By this statement I do not mean to suggest that academic art museums can exist and pursue their mission in relative isolation from the general public, for of course they—we—cannot. However much we focus on the academic perspective in pursuit of our special museological mission, we are always engaging a more general public. And, of course, the academic perspective itself is inherently Janus-like: at once backward- and forward- looking, separate from and part of the world it influences and is influenced by.

Nannerl O. Keohane, currently president of Duke University but for many years president of Wellesley College, writes passionately of this peculiar quality of academic life. "Universities … have a distinctive timelessness that provides a generous horizon for our work," she admits. "We are conscious of our participation in a long heritage of institutions demonstrably similar to ours, reaching back even beyond the medieval European university to the schools and academies of ancient times. This sense of history is made palpable in our traditions and ceremonies, our academic processions, colorful regalia, and distinctive feast days—commencements, convocations, and inaugurations. There is a variant of apostolic succession here that gives an assurance of rootedness and continuity even in troubled times"7—a rootedness, it has to be said, only in an imaginary place of temporal and spatial isolation.

President Keohane does not mean to deny the university’s obligation to contribute to the betterment of the world and its future. Indeed, in her own definition of a modern research university, she describes "a company of scholars engaged in discovering and sharing knowledge, with a responsibility to see that such knowledge is used to improve the human condition."8 The discovery and sharing of new knowledge occurs both within the university and in both directions between the university and the "outside world," just as the improvement of the human condition occurs within the classroom and in the frequent intercourse between the academy and government, industry, and business. The university and the world are not mutually exclusive, however different they are and however much their differences cause tensions to arise within the university itself. As President Keohane points out, "These tensions between parochial and cosmopolitan affiliations, between rootedness in the past and restlessness about the future, and between the love of learning for its own sake and investment in making the world a better place are close to the heart of the university. However we define our mission, such tensions must be acknowledged if we are to have any hope of presenting our strengths and our character faithfully to the world."9

The same can be said of academic art museums: we do have an obligation to—indeed, we can never fully isolate our-selves from—the "outside world." But how do we fulfill that obligation? President Keohane’s words are important here: "presenting our strengths and our character faithfully to the world." Like the college or university of which we are a part, our relation to the world must be cast in terms of what we and we alone can bring to it. Although of it, we are not like the world. Our special circumstances—part of a college or university campus—require of us a special response to the world, a response in which differences of opinion are taken seriously and given their due free of the pressures that sometimes limit the free and creative exchange of differing ideas in the world beyond the academy.

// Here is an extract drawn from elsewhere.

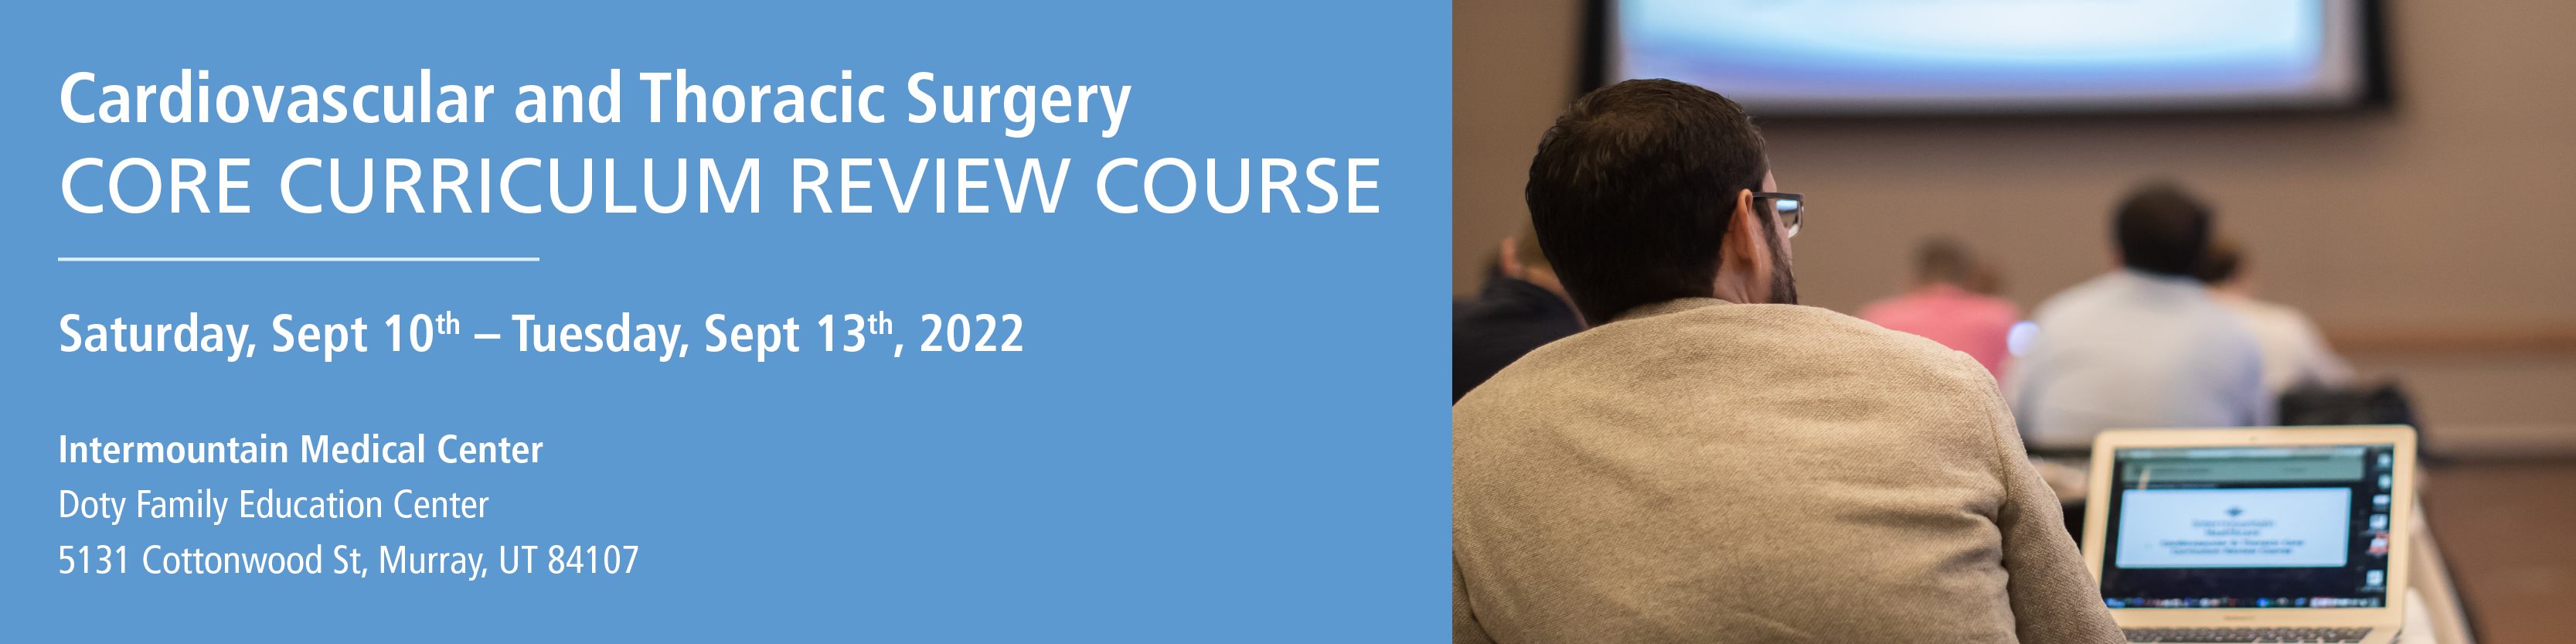 Cardiovascular and Thoracic Surgery Core Curriculum Review Course - 2022 Banner

Gerald Graff, Professor of English at the University of Chicago, has turned a phrase I find useful in this regard. In his recent book, Beyond the Culture Wars, he encourages us to "teach the conflicts," and writes: "Teaching the conflicts has nothing to do with relativism or denying the existence of truth. The best way to make relativists of students is to expose them to an endless series of different positions which are not debated before their eyes. Acknowledging that culture is a debate rather than a monologue does not prevent us from energetically fighting for the truth of our convictions. On the contrary, when truth is disputed, we can seek it only by entering the debate—as Socrates knew when he taught the conflicts two millennia ago."10

"Teaching the conflicts" takes time—time to consider just what the conflicts are, on what they are based, how they are presented, and what is at stake. This is time the world does not easily offer in the busy give-and-take of daily life. But it is time that we in the academy have, and time that we should always treasure. In an essay commissioned by the Modern Language Association, Wayne C. Booth, Graff’s colleague at the University of Chicago, wrestled with the question of the scholar in society, and admitted that what makes the scholar is "the willingness to sit alone, for long periods of time, trying to learn something that cannot be learned ‘in society,’ something that cannot be learned except through sustained, private inquiry."11 But, Booth argued, even when alone a scholar is in society, having been born into it, raised in part by it, and always, even when alone, acting in terms of it.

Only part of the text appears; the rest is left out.